Here is a typical notation for an autoencoder.

This would be the input $\boldsymbol x \in \mathbb R^n$, the latent state $\boldsymbol z \in \mathbb R^d$, where $d$ is the dimension of the latent space, which may be $d \lt n$, but it may also be $d \ge n$.

Finally the $\boldsymbol {\hat x} \in \mathbb R^n$, again the same dimension of the input.

We can write two equations here:

$\boldsymbol z=f(W_e \boldsymbol x + b_e) \\ \boldsymbol {\hat x}=f(W_d \boldsymbol z + b_d)$

where $f$ is some nonlinearity (activation function). The dimensions of the matrices:

• $W_e \in \mathbb R^{d \times n}$ is the encoder matrix
• $W_d \in \mathbb R^{n \times d}$ is the decoder matrix

The very special case for the autoencoder is $W_e = W_d^T,$ when the matrices are transposed.

## Loss functions

When $m$ is the number of samples, and $\ell(\boldsymbol{x}^{(j)}, \boldsymbol{ \hat x}^{(j)} )$ is per sample loss we can express the loss as an average of per sample losses:

$\mathcal{L}=\frac{1}{m} \sum_{j=1}^{m} \ell\left(\boldsymbol{x}^{(j)}, \boldsymbol{\hat{x}}^{(j)}\right)$

There are two frequent cases:

• when $x_{i} \in {0,1}$ we can use binary cross entropy loss where the outputs $\hat x$ will be in between 0 and 1 thanks to sigmoid function:
$\quad \ell(\boldsymbol{x}, \boldsymbol{ \hat{x}})=-\sum_{i=1}^{n}\left[x_{i} \log \left(\hat{x}_{i}\right)+\left(1-x_{i}\right) \log \left(1-\hat{x}_{i}\right)\right]$
• when $x_i \in \mathbb R$ we can use MSE for instance:
$\quad \ell(\boldsymbol{x}, \boldsymbol{ \hat{x}})=\frac{1}{2}\|\boldsymbol{x}-\boldsymbol{ \hat{x}}\|^{2}$

## The idea of the manifold

The idea of manifold is based on observation that images of something, e.g. facial expressions define a smooth manifold in the high dimensional image space (space of all the images).

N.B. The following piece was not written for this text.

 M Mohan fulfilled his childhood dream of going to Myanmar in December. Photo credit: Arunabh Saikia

If we somehow find this manifold we could move through it and we would experience all the facial expressions.

This manifold is then highly connected with the facial degrees of freedom (head muscles movements).

Here is a more complex definition of manifold.

## Types of autoencoders

• Denoising autoencoder
• Sparse Autoencoder
• Deep Autoencoder
• Contractive Autoencoder
• Undercomplete Autoencoder
• Convolutional Autoencoder
• Variational Autoencoder

## Denoising autoencoder

In here $x$ is an image without the noise and $\tilde x$ image with noise.

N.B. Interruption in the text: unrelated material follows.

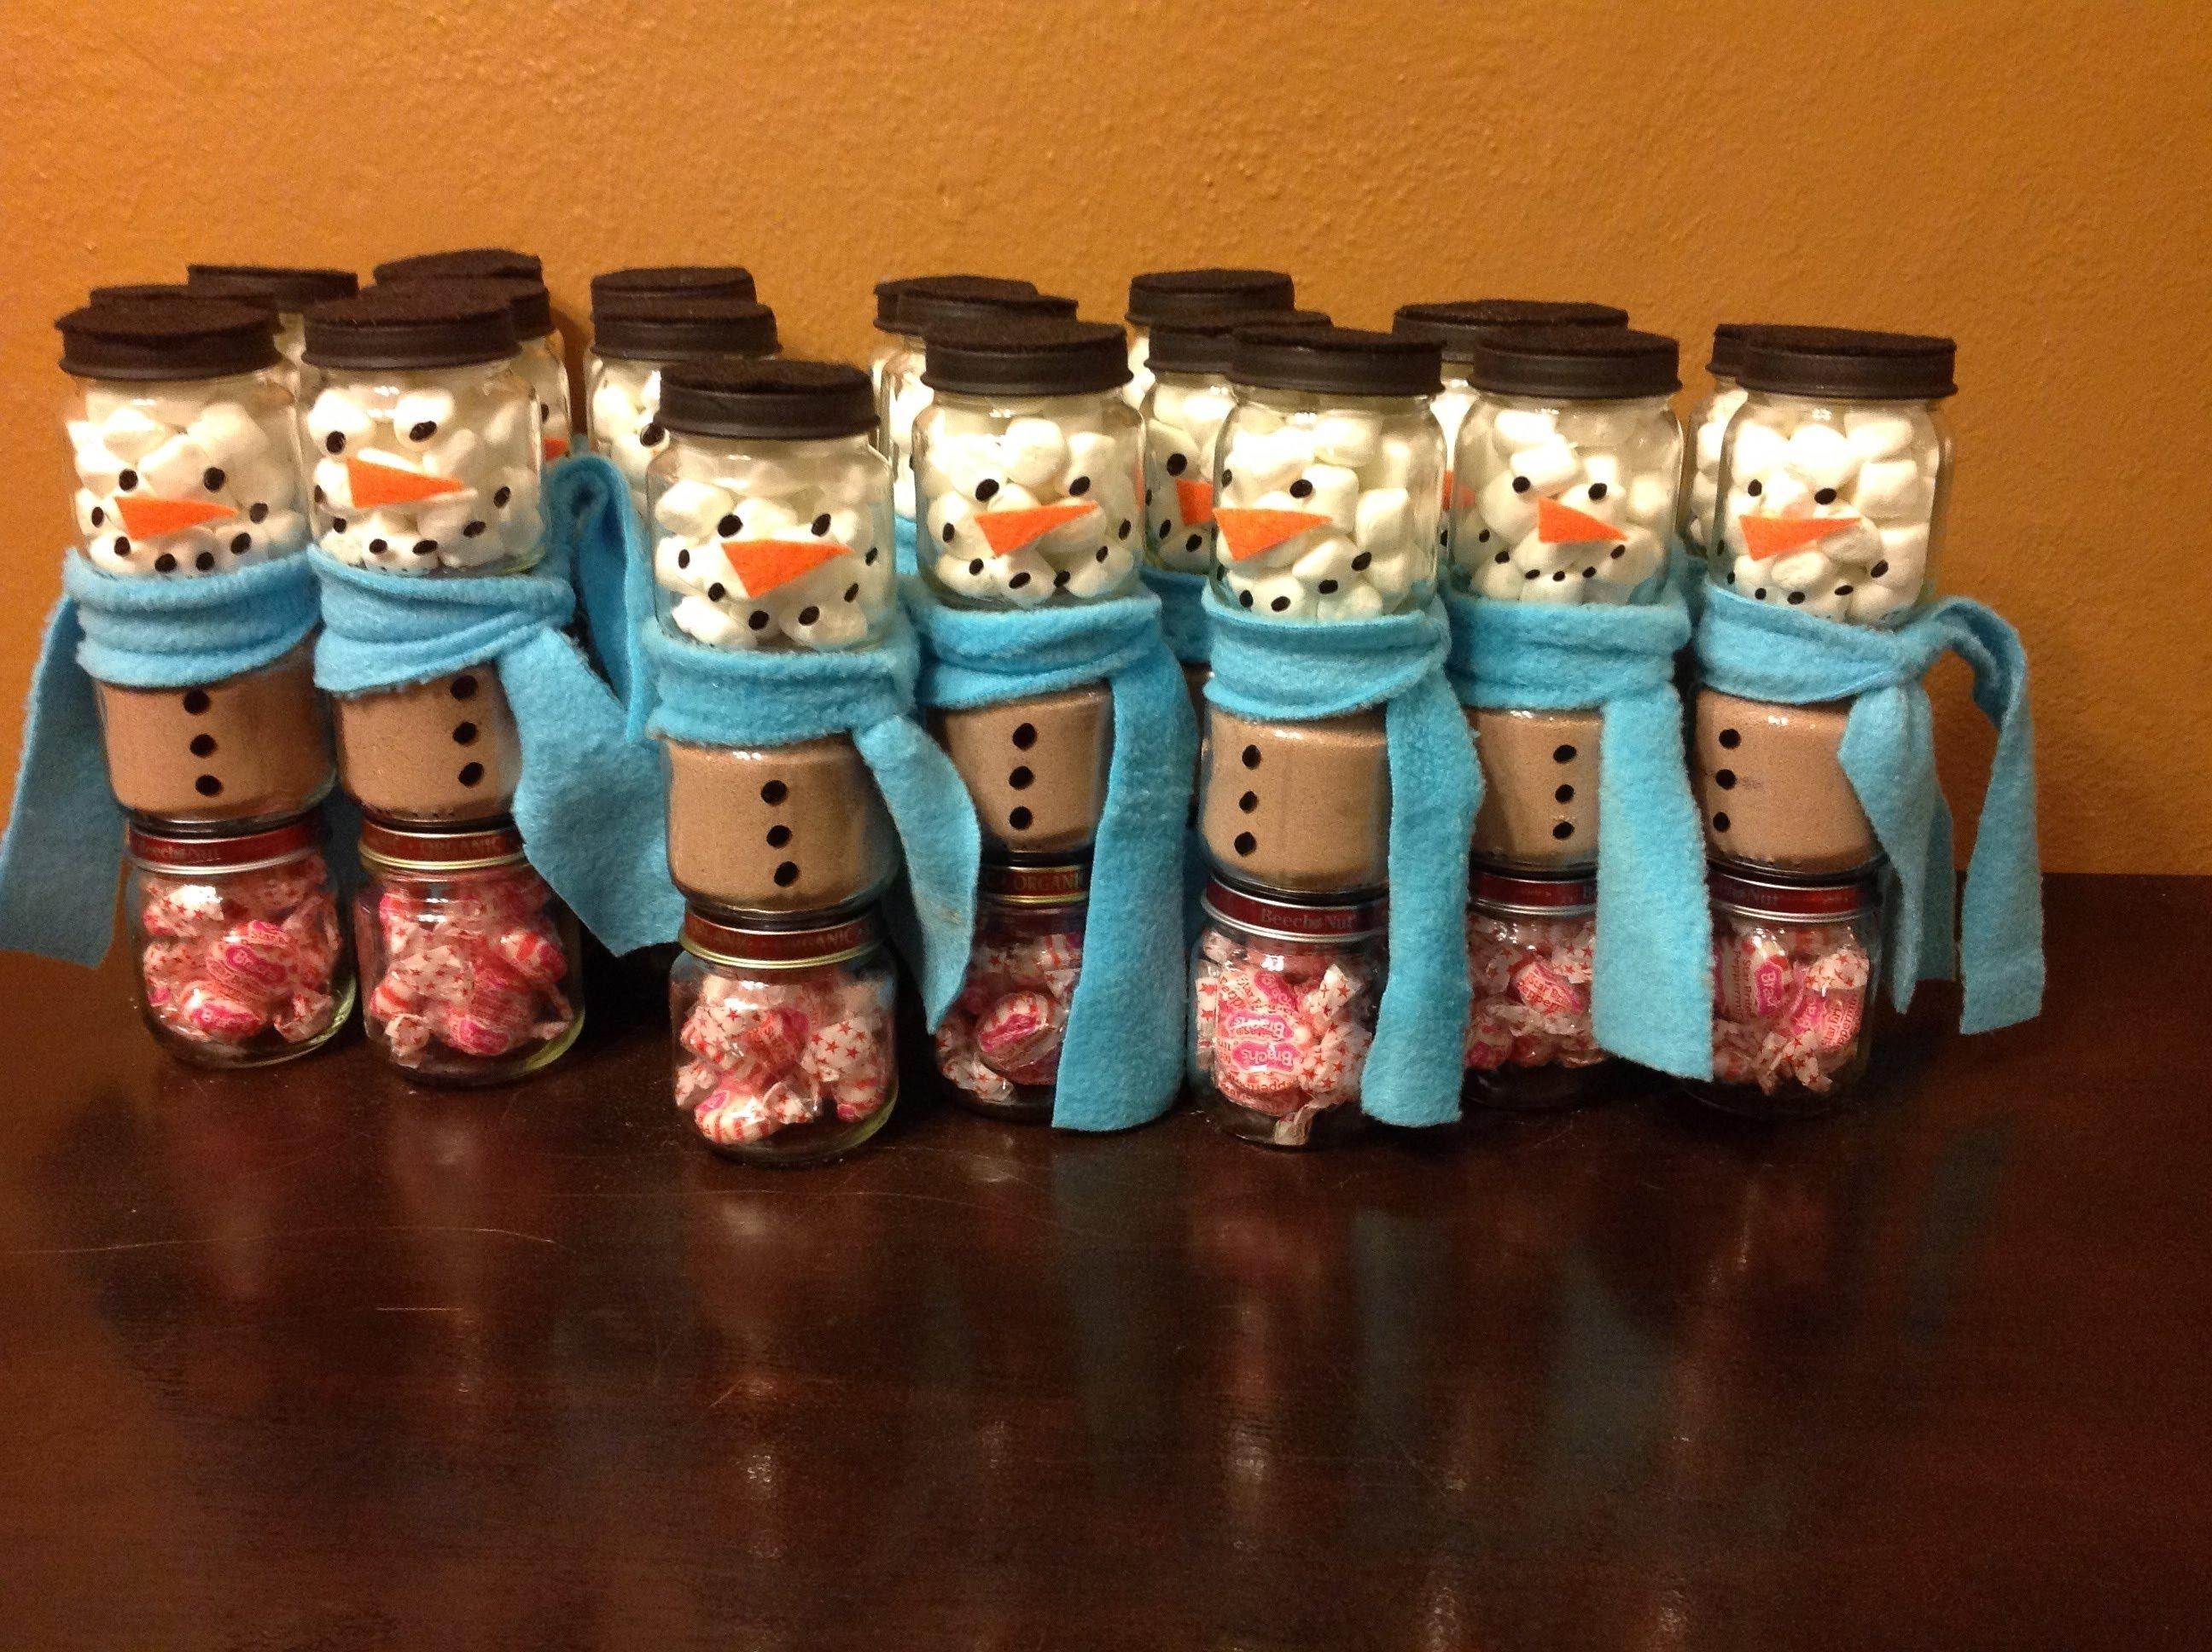 10 Great Craft Ideas For Baby Food Jars diy snowman baby food jars youtube 1 2020

Typically denoising autoencoders are trained on a specific image set, say faces, and once trained we experiment with noisy image faces, and they should be denoised.

## Sparse Autoencoder

A sparse autoencoder has sparsity penalty. Sparsity penalty means altered loss function that penalizes activations of hidden layers and only few nodes are activated per sample input.

The intuition: if a student claims to be an expert in several areas he might be just learning some quite shallow knowledge. However, if a student claims to know just one area well we should find he is an expert even if we provide him problems with missing details (fewer nodes activation).

## Deep Autoencoder

Deep autoencoder is two symmetrical networks each having several (e.g. three) shallow layers representing encoding and decoding parts of the net.

## Contractive Autoencoder

A Contractive Autoencoder adds a specific penalty term to the loss function. Penalty is a Frobenius norm of the Jacobian matrix of the encoder activations with respect to the input.

The penalty impact is lower-dimensional non-linear manifold, being more invariant to the vast majority of directions orthogonal to the manifold.

## Undercomplete Autoencoder

If we constrain the number of nodes present in the hidden layer of the network we limit the amount of information that can flow through the network.

This way the model can learn the most important attributes of the input data.

## Convolutional Autoencoder

A convolutional autoencoder encoder is ConvNet that produces a low-dimensional representation of the image. The decoder, also ConvNet, will reconstruct the original image.

Convolutional AE can be used for image coloring or noise reduction.

## Variational autoencoder

I believe this type of autoencoder is the new GAN. It deserves a separate VAE article.